Two key things here :

  • AUC is scale-invariant. It measures how well predictions are ranked, and not their absolute values.
  • AUC is classification-threshold-invariant. It measures the quality of the models’ prediction irrespective of what classfication threshold is chosen.

Average Precision

We know that, a detection is considered positive only when it has IoU higher than certain threshold, $\tau$. Otherwise negative. Now, eq(1) and eq(2) can be written as :

\(P(\tau) = \frac{TP(\tau)}{TP(\tau) + FP(\tau)}\) and \(R(\tau) = \frac{TP(\tau)}{TP(\tau) + FN(\tau)}\)

In the above presented equations, both \(TP(\tau)\) and \(FP(\tau)\) are decreasing function of \(\tau\), whereas \(FN(\tau)\) is increasing function.

Therefore, we can say that :

\(R(\tau)\) is a decreasing function of \(\tau\), wheras nothing can be said about \(P(\tau)\) Consequently, AUC under \(P(\tau) × R(\tau)\) exhibit zig-zag pattern.

Average Precision is area under \(\text{Precision} × \text{Recall}\), which has pre-processed to remove zig-zag pattern and monotonic. It is similar to AUC and ranges between $0$ and $1$.

To compute AP, first start collecting pairs of Precision and Recall, with different confidence values \(\tau(k)\) where \(k = 1,2, \cdots k\). These Precision can be written as \(P(\tau(k))\) and Recall as \(R(\tau(k))\).

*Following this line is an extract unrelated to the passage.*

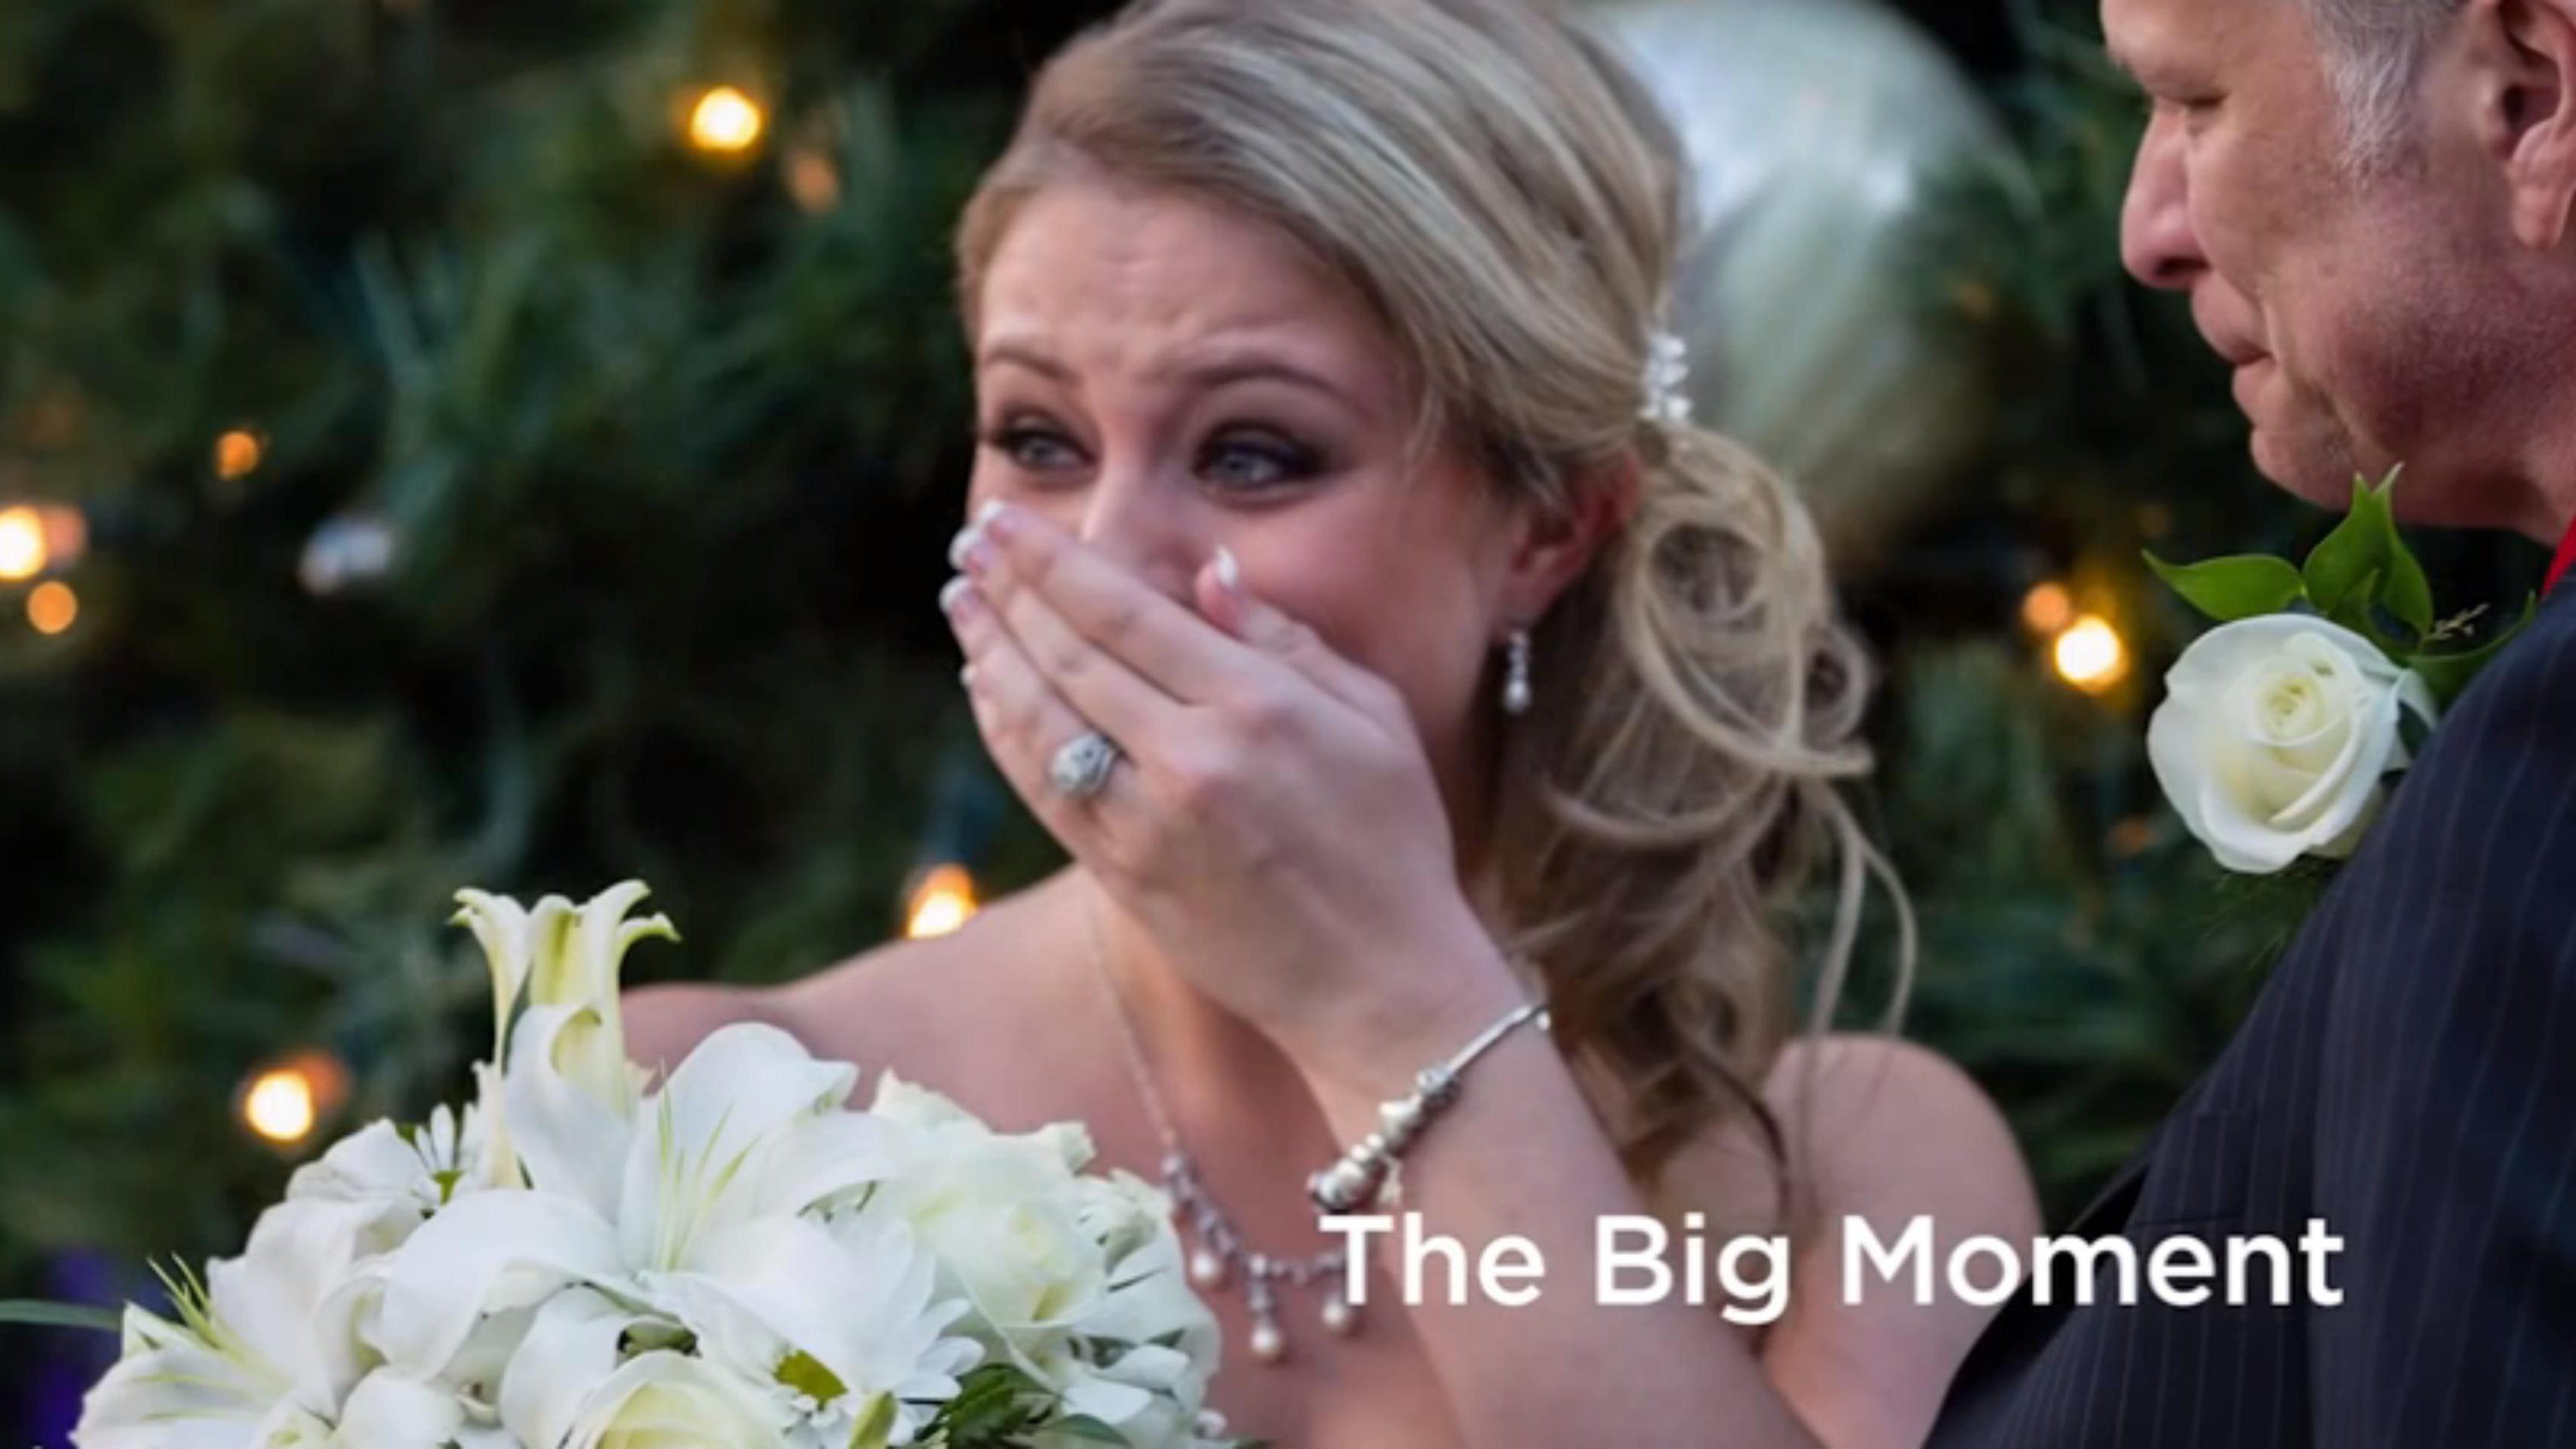 Groom throws surprise flash mob wedding for his bride

Next, interpolation is applied to turn precision $\times$ recall into monotonic. Interpolation function, \(P_{ip}(R)\), where \(R\) is a real value contained in the interval \([0,1]\) is defined as :

\[P_{ip}(R) = max_{k \lvert R(\tau(k)) \ge R} \left[{P(\tau(k))}\right]\]

Now, Average Precision (AP) can be calculated by sampling \(P_{ip}(R)\) at the \(N\) reference recall values \(R_{r}\) as :

\[AP = \sum_{k=0}^k (R_{r}(k) - R_{r}(k+1))P_{ip}(R_{r}(k))\]

Mean Average Precision (mAP)

If we have many classes in the dataset, then mean average precision is just simply the average AP over all classes

\[mAP = \frac{1}{C} \sum_{i=1}^C AP_{i}\]

where \(AP_{i}\) is the AP value for the \(i^{th}\) class and \(C\) is the total number of classes.